Dataset section >>
-.-.-

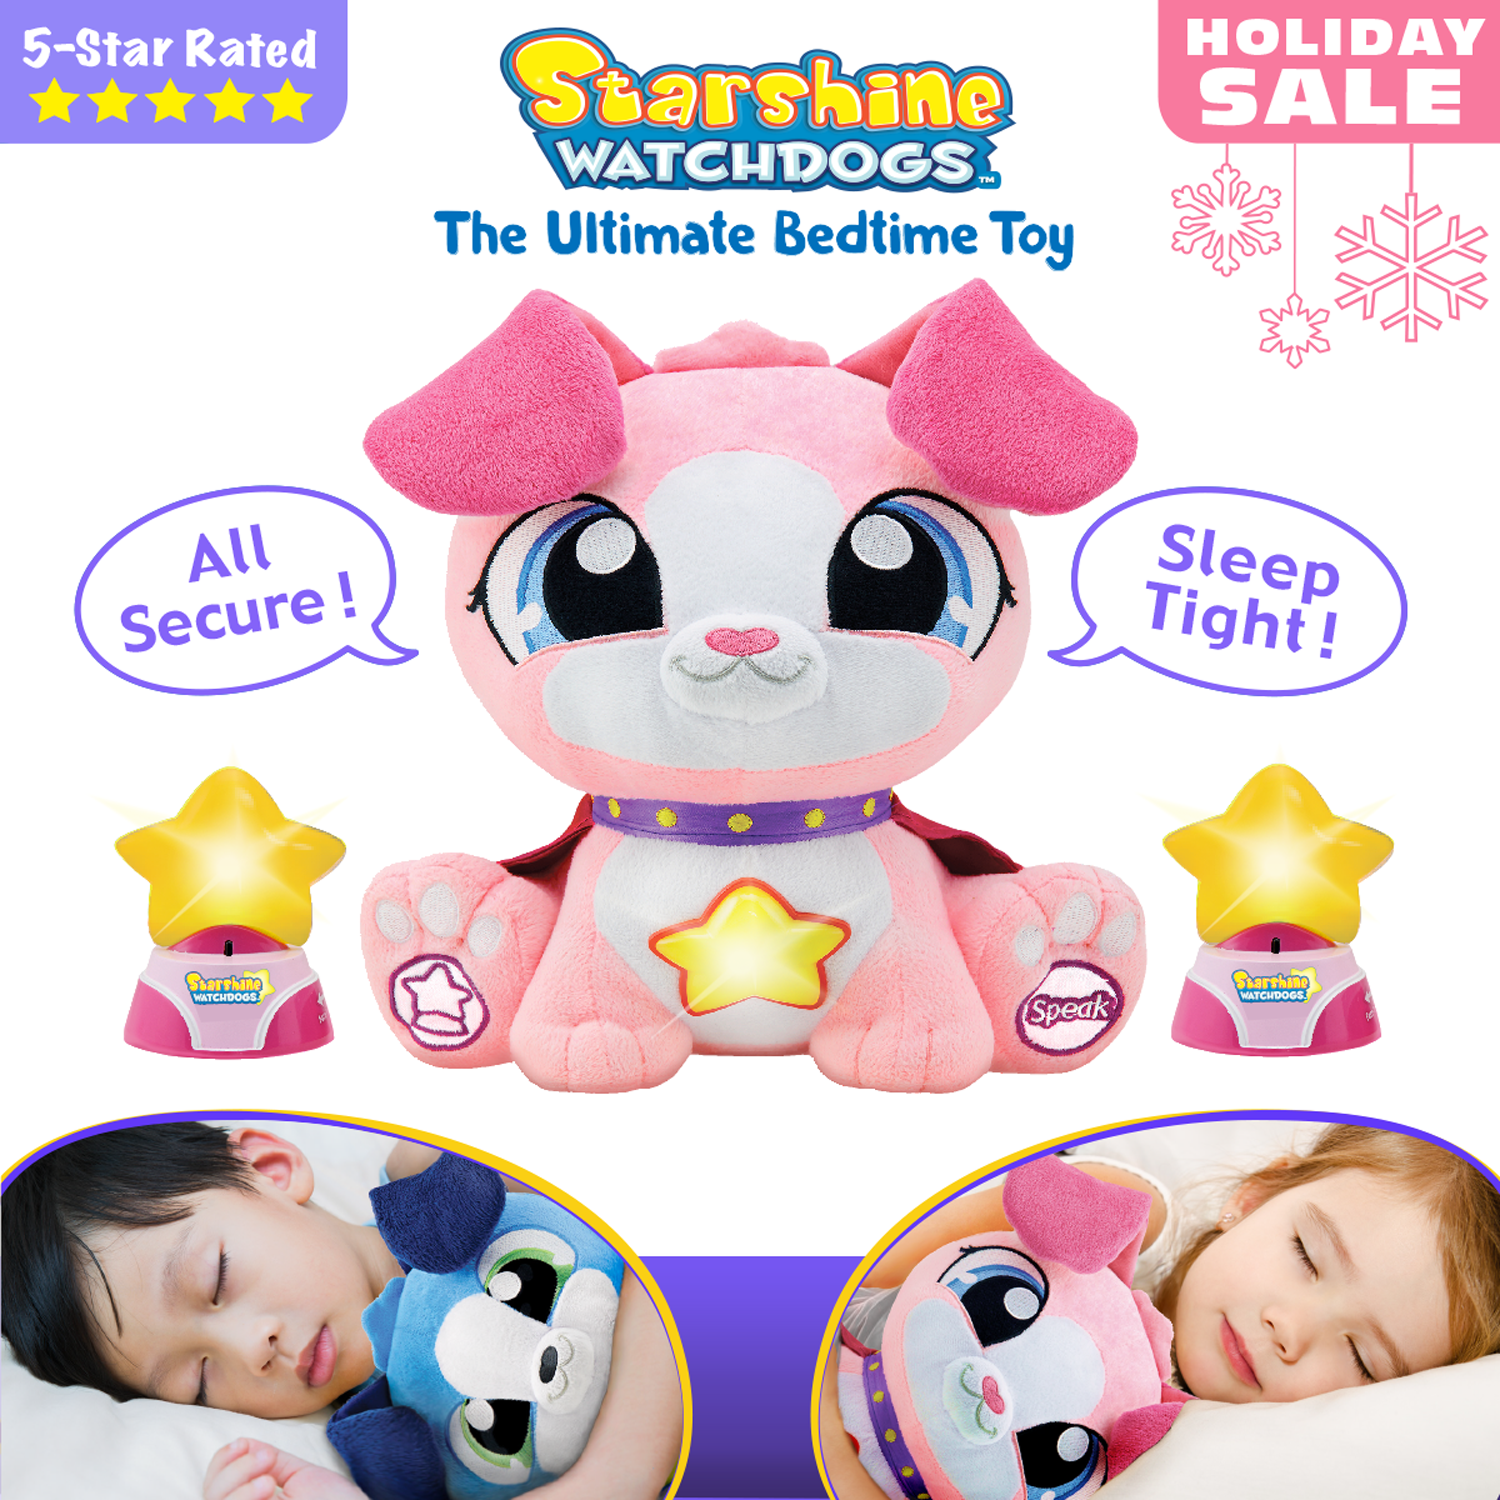 4pc Ready-for-Bed Set Comforting Phrases Pink Remote Control Children's Night-Lights Starshine Watchdogs Skye Talking Stuffed Animal Nighttime Toy Calming Story Book Remote Control Childrens Night-Lights Plus Free Coloring Pages
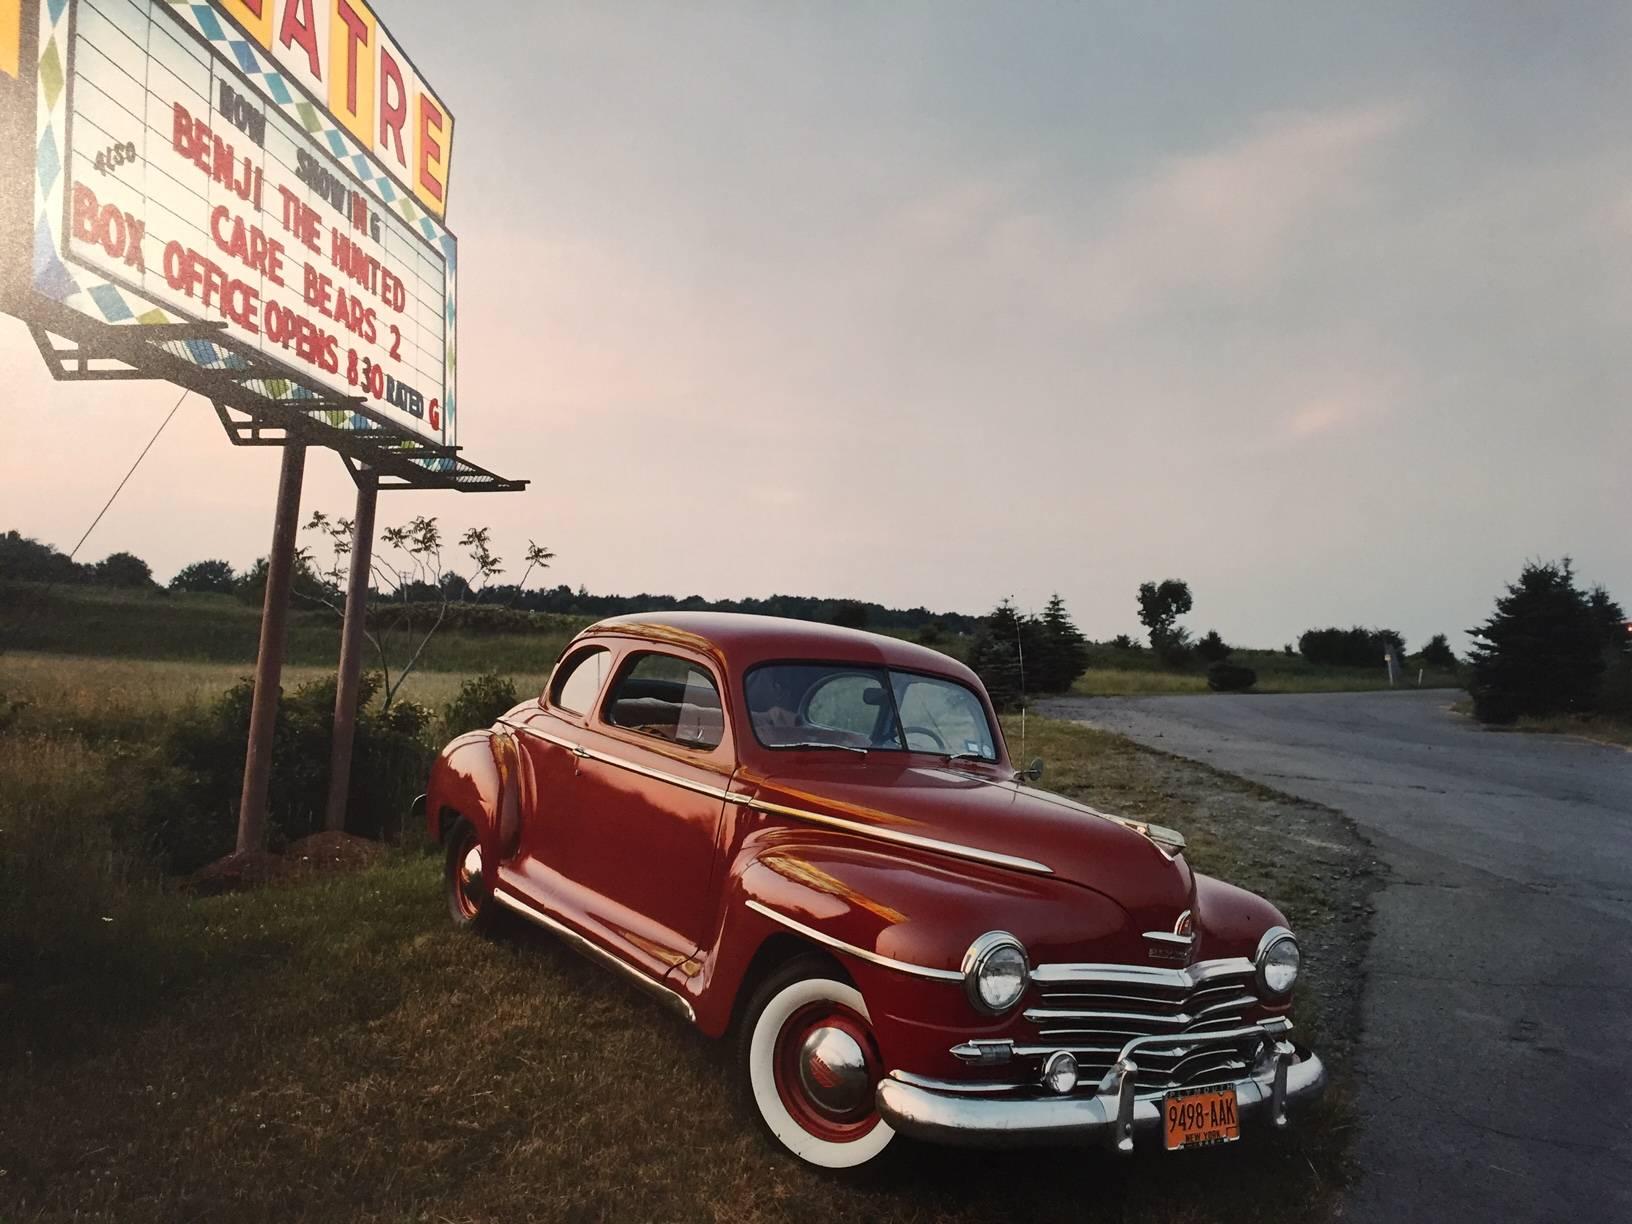 Bruce Wrighton Color Photograph - 1948 Plymouth Special Deluxe Coupe, from the series "Dinosaurs and Dreamboats"
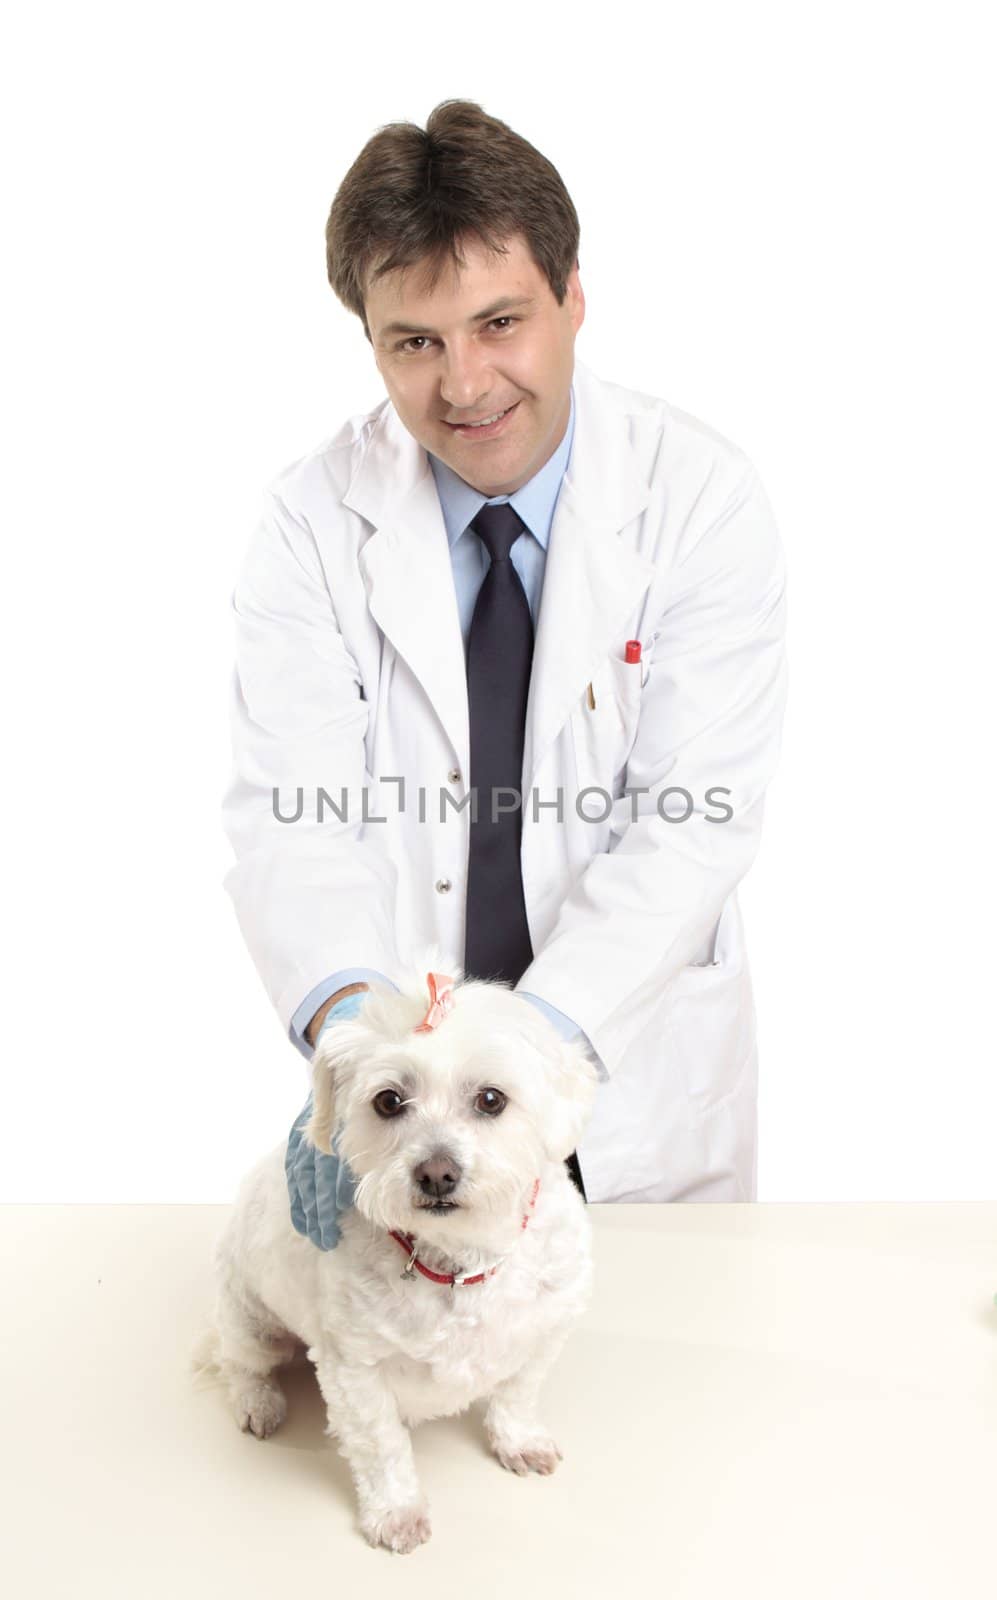 Smiling vet holding a pet dog on a treatment table.

-.-.-

Problem to solve >> Repeat each line above exactly as it reads, omitting any pictures.

Written answer >>
 4pc Ready-for-Bed Set Comforting Phrases Pink Remote Control Children's Night-Lights Starshine Watchdogs Skye Talking Stuffed Animal Nighttime Toy Calming Story Book Remote Control Childrens Night-Lights Plus Free Coloring Pages
 Bruce Wrighton Color Photograph - 1948 Plymouth Special Deluxe Coupe, from the series "Dinosaurs and Dreamboats"
 Smiling vet holding a pet dog on a treatment table.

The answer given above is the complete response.